"And we continue, in our ignorance of ourselves and of others, to cheerfully get along with each other, to spin in dance or to chat peacefully with one another –human, futile, at serious play to the sound of the great orchestra of the stars, under the scornful and inattentive eye of the performance’s directors."
- Fernando Pessoa (Bernardo Soares), Book of Disquiet

CREATED (EXPERIMENTAL VERSION) AT THE THÉÂTRE DE LA CITE INTERNATIONALE | APRIL 8, 9 AND 10, 2017

A disquieting story of misunderstandings.

A trip to the end of the night, in a restaurant located outside of space and time, where lonely individuals come together to attempt to speak the unspeakable. A disquieting story of misunderstandings. A somber feast where encounters are made and unmade to the rhythm of the music.

Following the “Poetics of the Voice and Sound Spaces” project, this second piece continues its exploration of choral work and musicality as a structuring principle of dramaturgy and the basis for the actor’s work on stage.

As a catalyst for this show we chose Fernando Pessoa’s great literary work The Book of Disquiet: a collection of nonlinear and asymmetrical texts that can be picked up at any point and interpreted infinitely.

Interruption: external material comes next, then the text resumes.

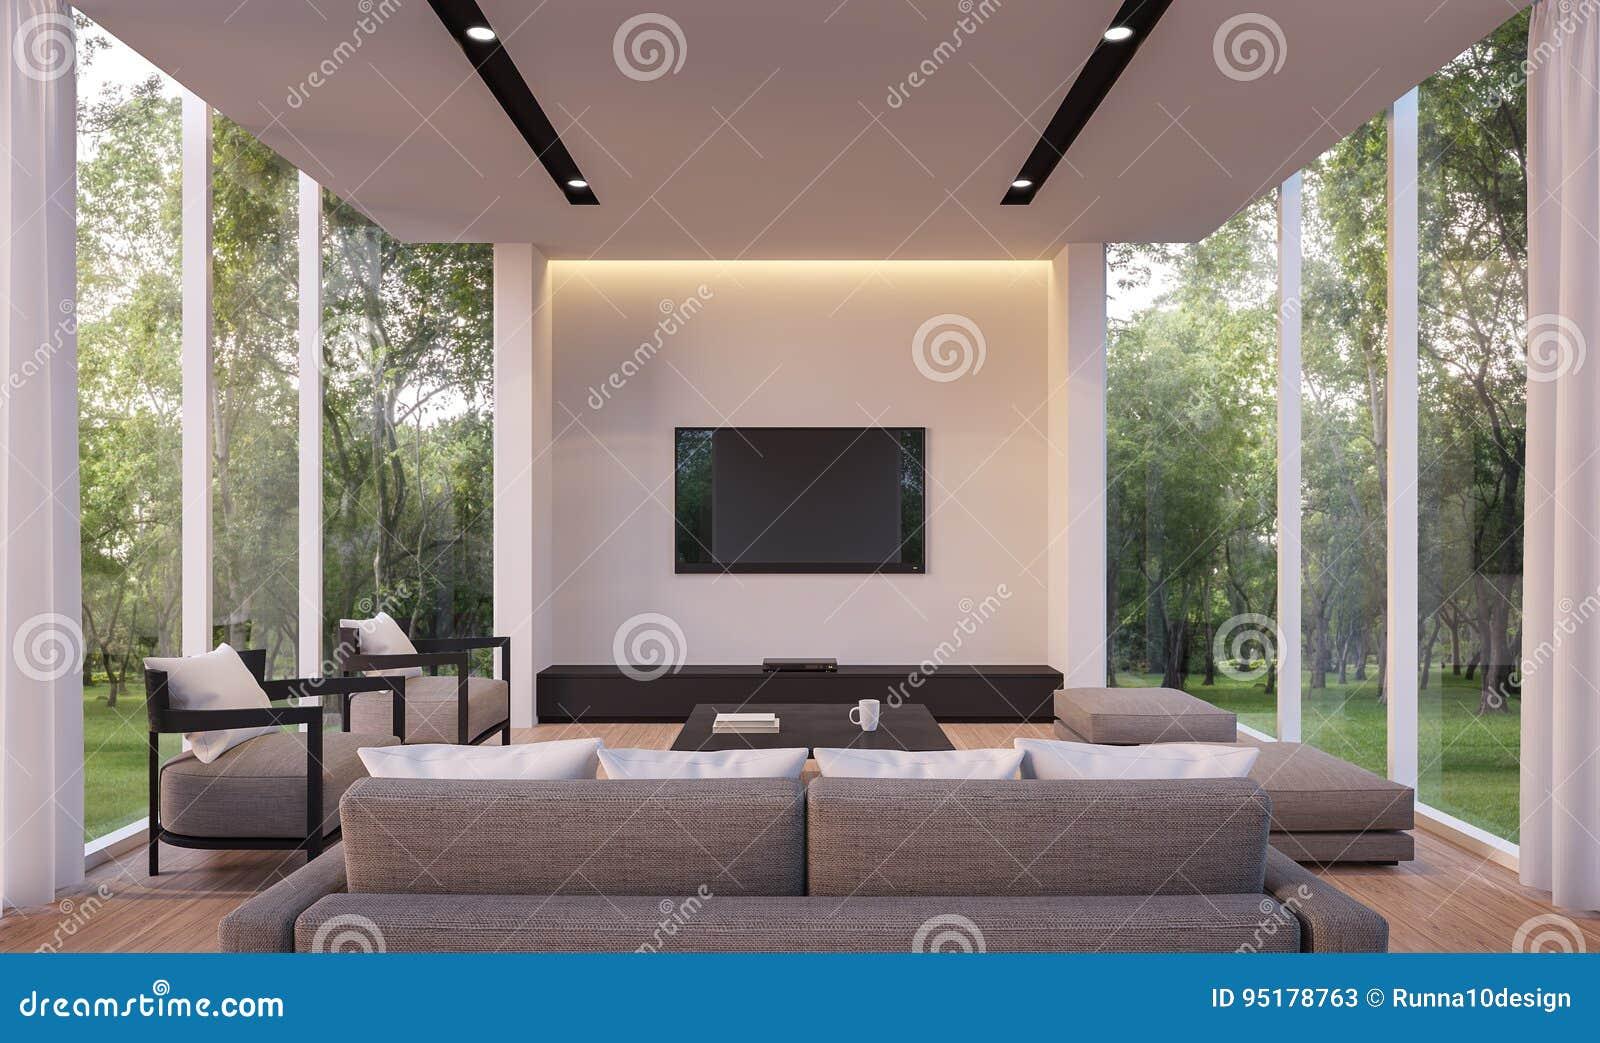 Modernes Wohnzimmer Mit Bild Wiedergabe Der Gartenansicht 3d Weißes  Wohnzimmer Mit Glaswand Holzfußboden Umgeben Durch Die Gärten, Versorgt Mit  Grauen ...

Rather than simply adapting it to the stage, we use it as a contrapuntal impulse, a impetus for music in the broadest sense.

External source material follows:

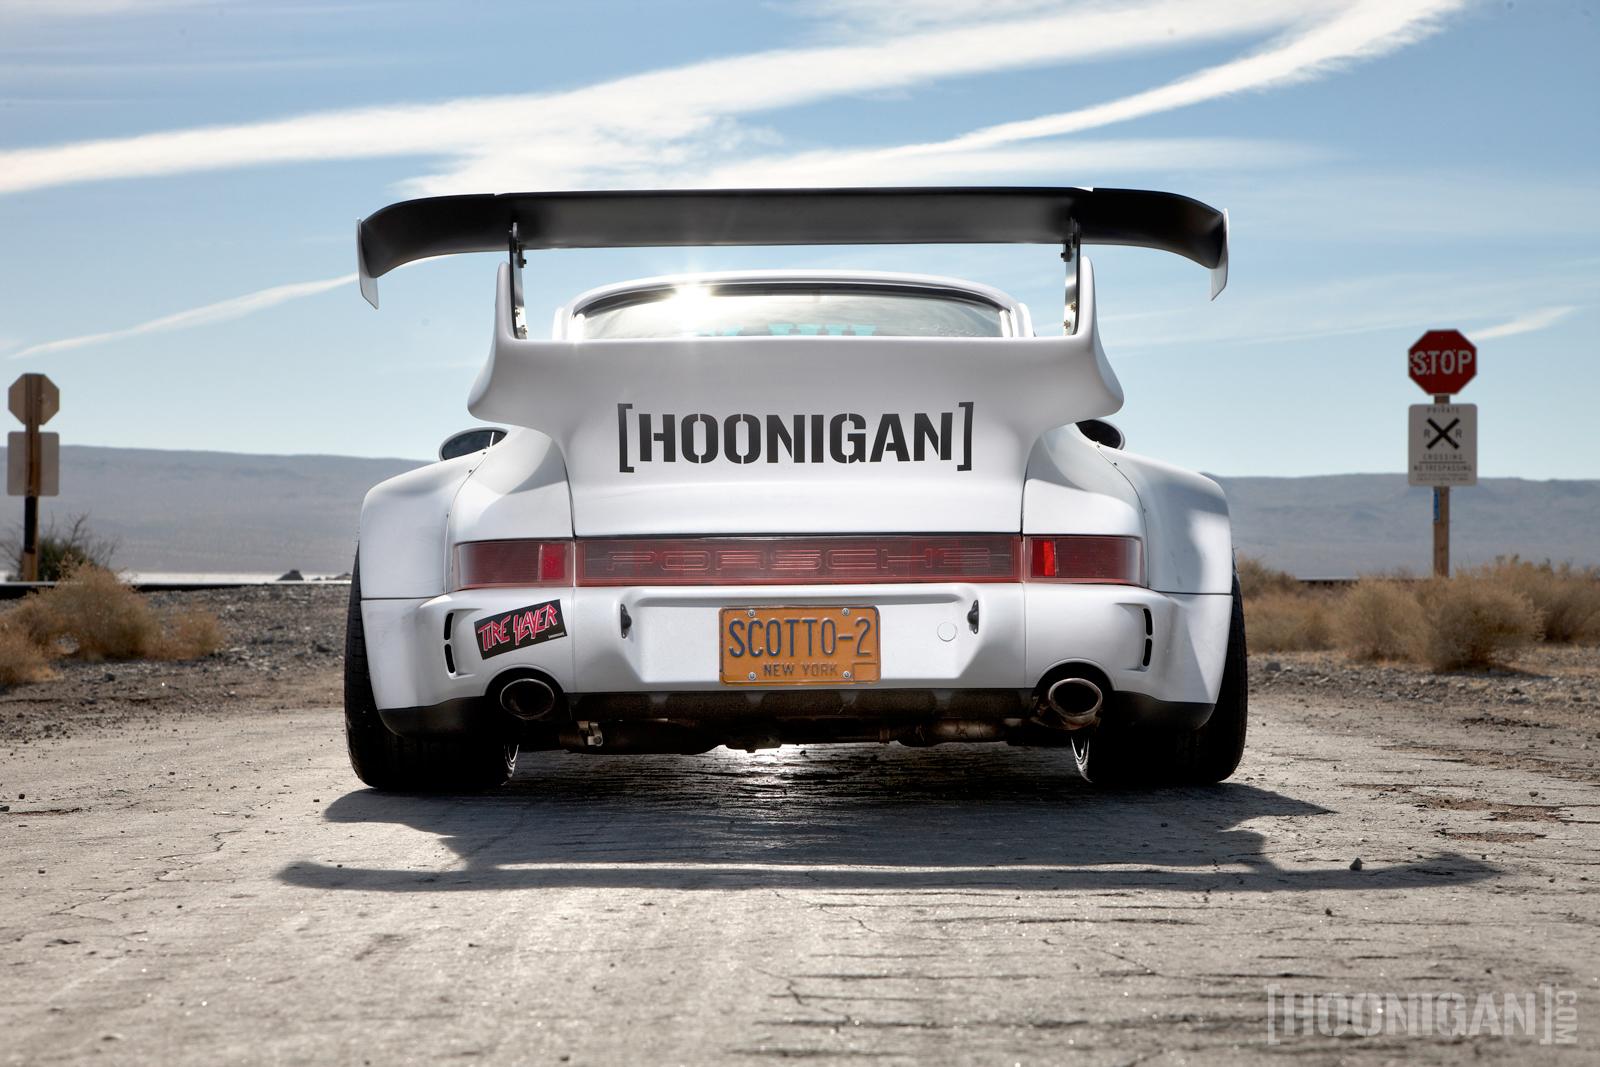 hoonigan rauh welt porsche wallpapers Car Pictures 1600x1067

Intranquillité is a weft of voices (spoken, sung, improvised), images and movements brought into play literally and figuratively. Nineteen performers, seven musicians and a hundred guests are interchangeably actors and spectators of this existential drama.

Credits

From the Book of Disquiet (Livro do Desassossego), written by Bernardo Soares, heteronym of Fernando Pessoa

Translation, concept, staging, musical direction and sets: Marcus Borja
Assistant director: Jean Massé
Artistic collaboration (first version): Tristan Rothhut
Sets and costumes: Charles Chauvet
Lights: Gabriele Smiriglia
Voice coaching: Sylvie Deguy
Body preparation: Vahram Zaryan
Costumer assistant: Mathieu Mistler
Stage manager: Simon Fritschi

With
Marcus Borja, Sophie Canet, Michèle Frontil, François Gardeil, Lucas Gonzalez, Lola Gutierrez, Jean Hostache, Hypo, Magdalena Ioannidi, Matilda Kime, Cyrille Laïk, Esther Marty Kouyaté, Laurence Masliah, Jean-Max Mayer, Romane Meutelet, Rolando Octavio, Mica Smadja, Bernardo Soares, Isabelle Toros, Sophie Zafari and Vahram Zaryan

And the musicians
Georgina Aguerre, Pierre-Marie Braye-Weppe, Osvaldo Caló, Ignacio Ferrera, Xavier Leloux, Jean-Philippe Naeder and Pablo Nemirovsky

Special thanks to
Tristan Rothhut, Claire Lasne-Darcueil, Vincent Détraz, Jean-François Dusigne, Aline Jones-Gorlin, Sylvie Cohen-Solal, Clément Peltier, Aurore Soudieux, Maria Clara Ferrer, La Comédie Française, La Voix du Griot and the whole team of the Théâtre de la Cité internationale

© Photo credit: Yuanye Lu

Reactions

Borja has perfectly understood that metaphysical reflections on the vanity of the cosmos can be, as in life, interspersed with mundane conflicts of daily life, and that Pessoa brings together the absolute, in which he believes very little, and the relative, which seems essential to him. [...] This theatrical composition is undoubtedly a piece of theater but also a piece of music. It reveals itself clearly as the only manifestation possible on stage of such a unique bit of writing as are practically all of Pessoa’s works.

François RegnaultDramaturge

You are entering into the Disquiet. A cabaret as big as the world. It is the world. A meeting place where people come together to experience the present. Woman-man, man-man and woman-woman. They approach one another, before moving away – you too will be drawn in. You can stand up and join in, becoming one of those bodies, so close to one another, even by remaining seated at your table, flabbergasted. [...] You will leave the theater forever disquieted, and yet with a deep sense of peace. This show will haunt you like a lost memory, as if it had been part of your real life – and even more strongly, of course, because it comes with all the dreamlike dimension of theater and, above all perhaps, with the radiating presence of desire in your heart: a moment equal in strength to your most powerful life experiences.